BE IT ENACTED BY THE LEGISLATURE OF THE STATE OF MINNESOTA:

ARTICLE 1
HEALTH CARE

    Section 1. Minnesota Statutes 2010, section 62J.497, subdivision 2, is amended to read:
    Subd. 2. Requirements for electronic prescribing. (a) Effective January 1, 2011,
all providers, group purchasers, prescribers, and dispensers must establish, maintain,
and use an electronic prescription drug program. This program must comply with the
applicable standards in this section for transmitting, directly or through an intermediary,
prescriptions and prescription-related information using electronic media.
    (b) If transactions described in this section are conducted, they must be done
electronically using the standards described in this section. Nothing in this section
requires providers, group purchasers, prescribers, or dispensers to electronically conduct
transactions that are expressly prohibited by other sections or federal law.
    (c) Providers, group purchasers, prescribers, and dispensers must use either HL7
messages or the NCPDP SCRIPT Standard to transmit prescriptions or prescription-related
information internally when the sender and the recipient are part of the same legal entity. If
an entity sends prescriptions outside the entity, it must use the NCPDP SCRIPT Standard
or other applicable standards required by this section. Any pharmacy within an entity
must be able to receive electronic prescription transmittals from outside the entity using
the adopted NCPDP SCRIPT Standard.

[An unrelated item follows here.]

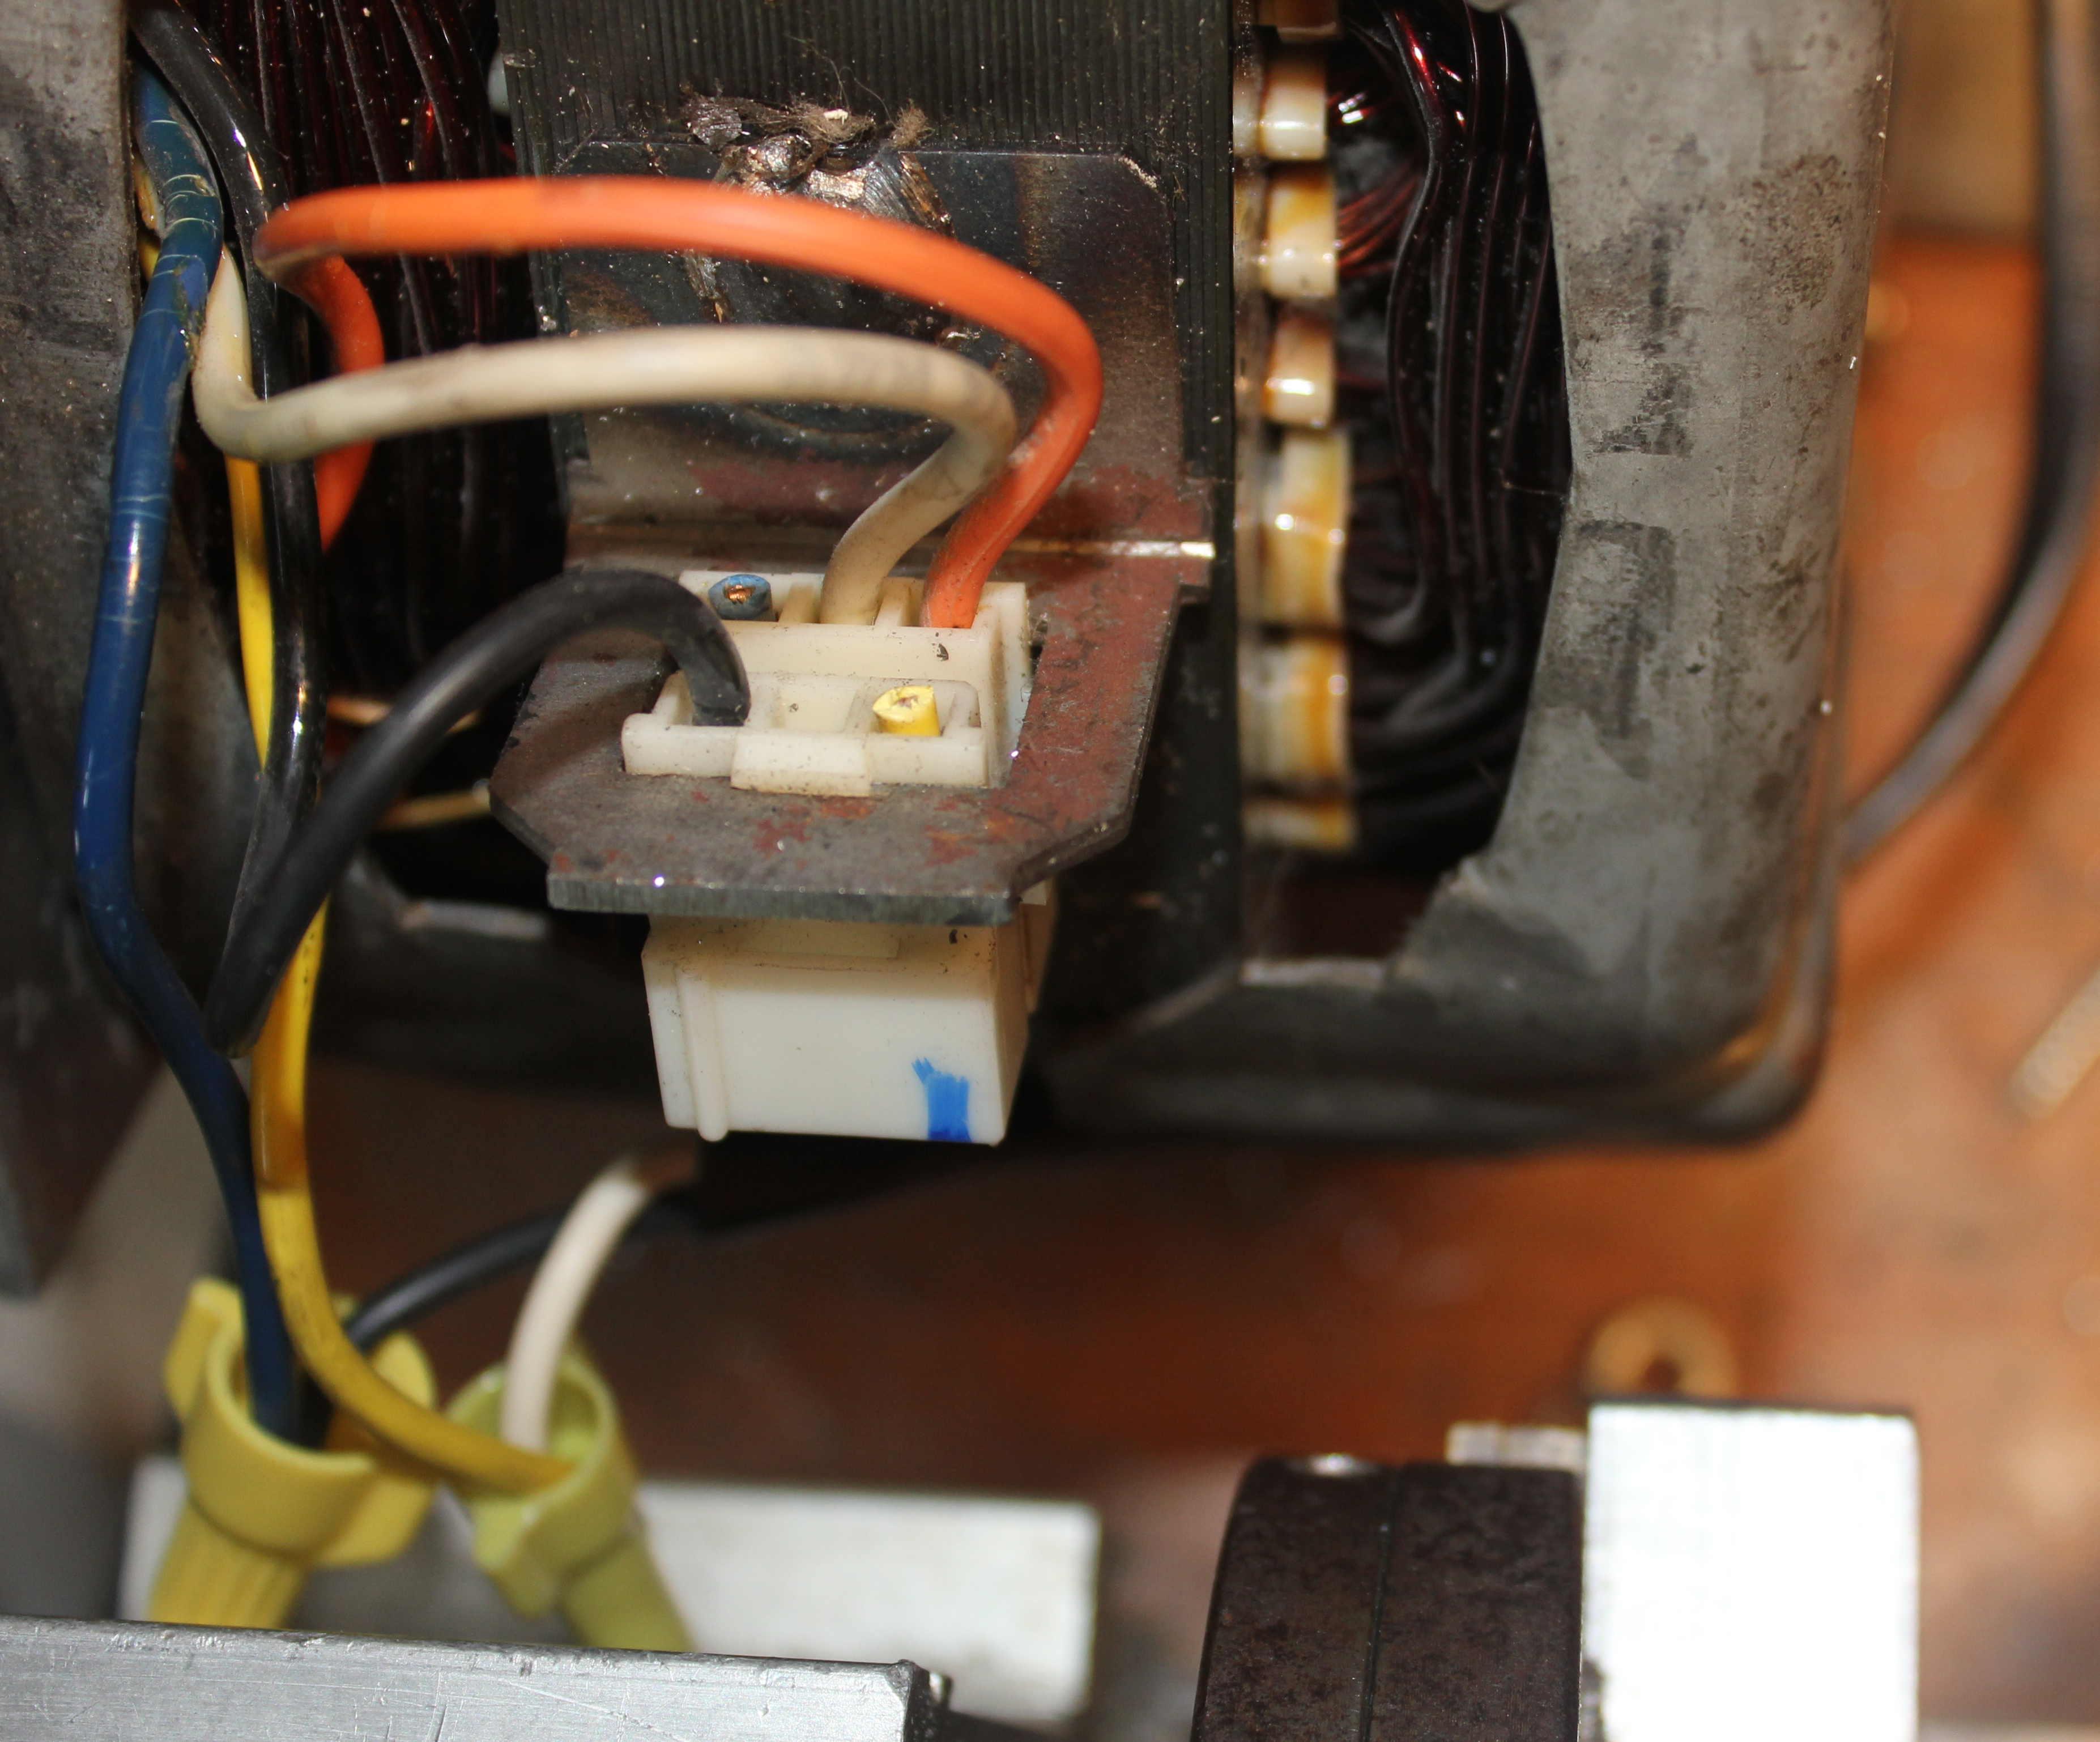 General Electric Washing Machine Motor Wiring Diagram Wiring Diagram Not Center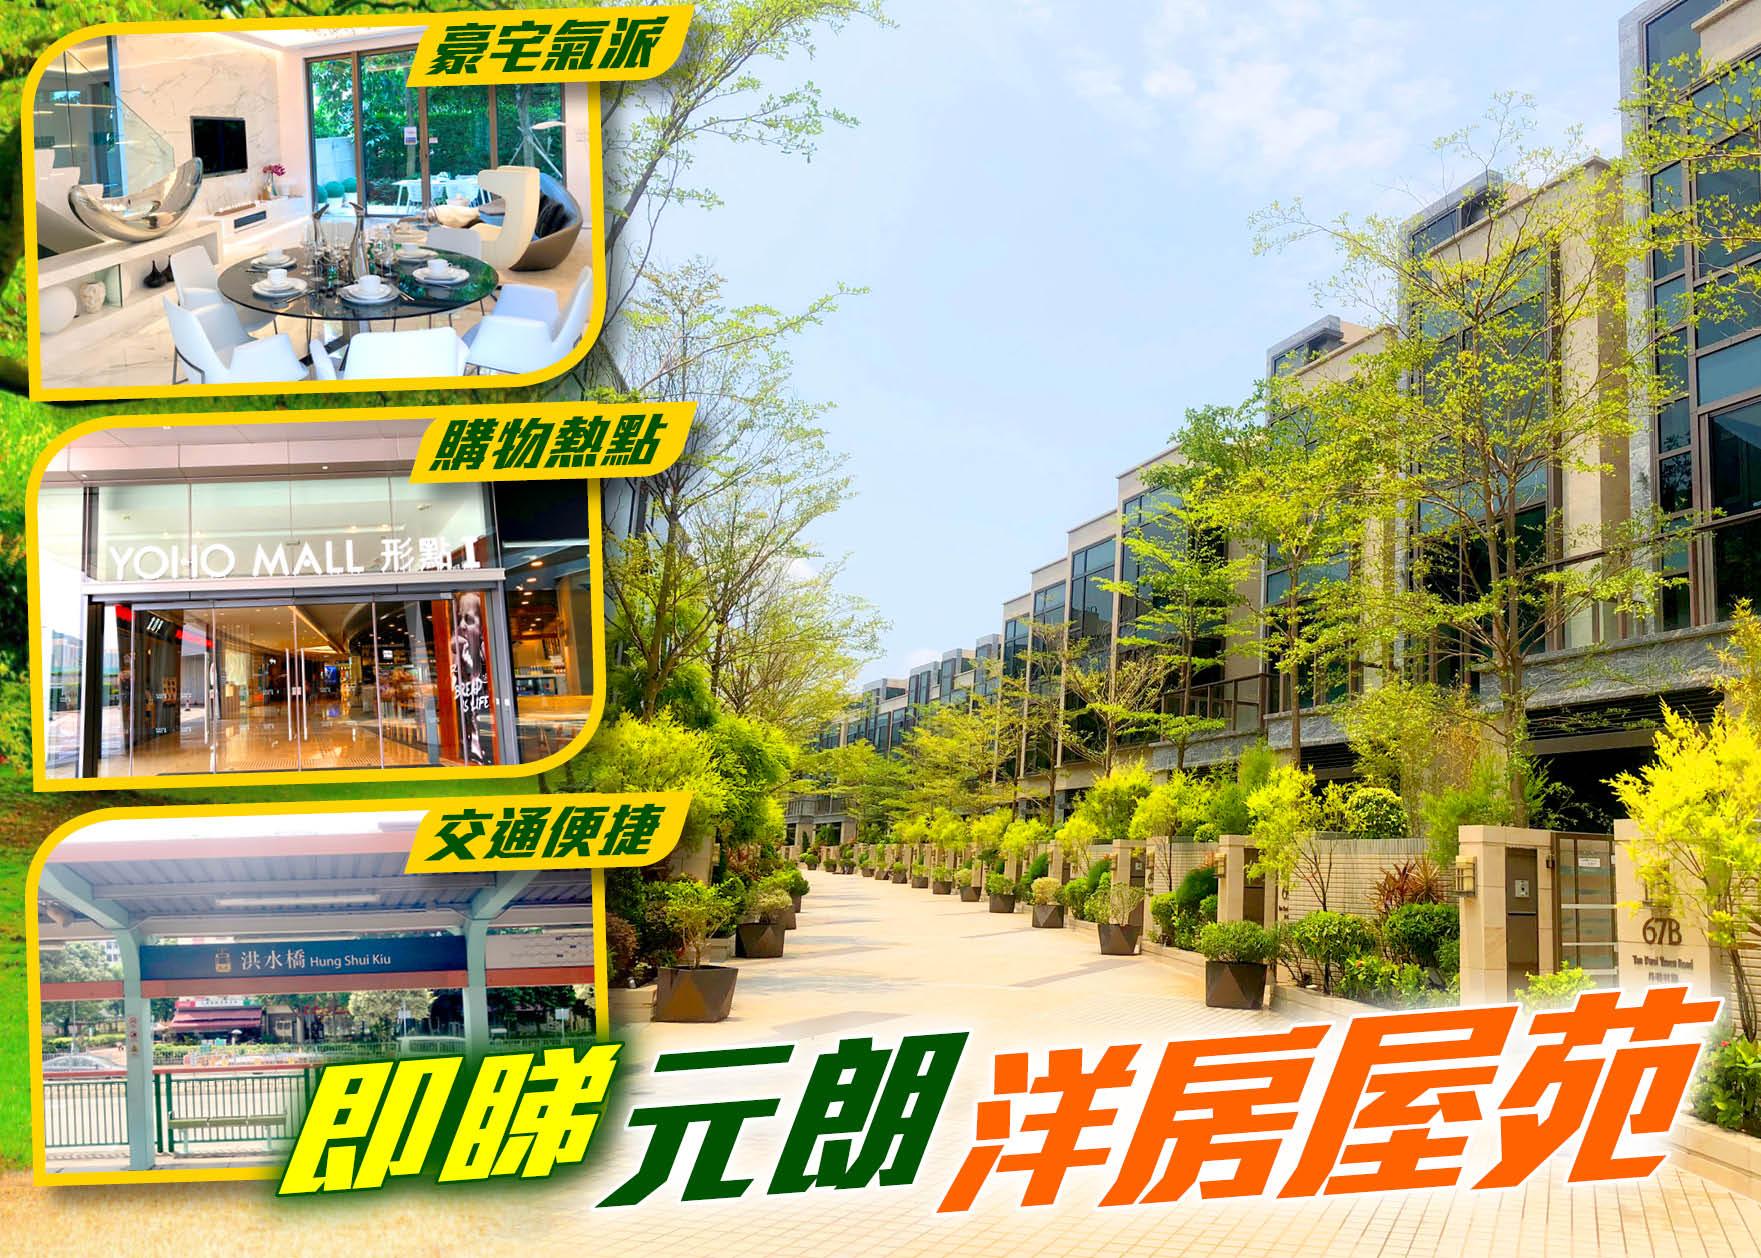 丹桂村路65-89號(富豪.悅庭 及 尚築)

This exemption does not supersede any Health
Insurance Portability and Accountability Act (HIPAA) requirement that may require the
use of a HIPAA transaction standard within an organization.
(d) Notwithstanding paragraph (a), any clinic with two or fewer practicing
physicians is exempt from this subdivision if the clinic is making a good-faith effort to
meet the electronic health records system requirement under section 62J.495 that includes
an electronic prescribing component. This paragraph expires January 1, 2015.
EFFECTIVE DATE.This section is effective retroactively from January 1, 2011.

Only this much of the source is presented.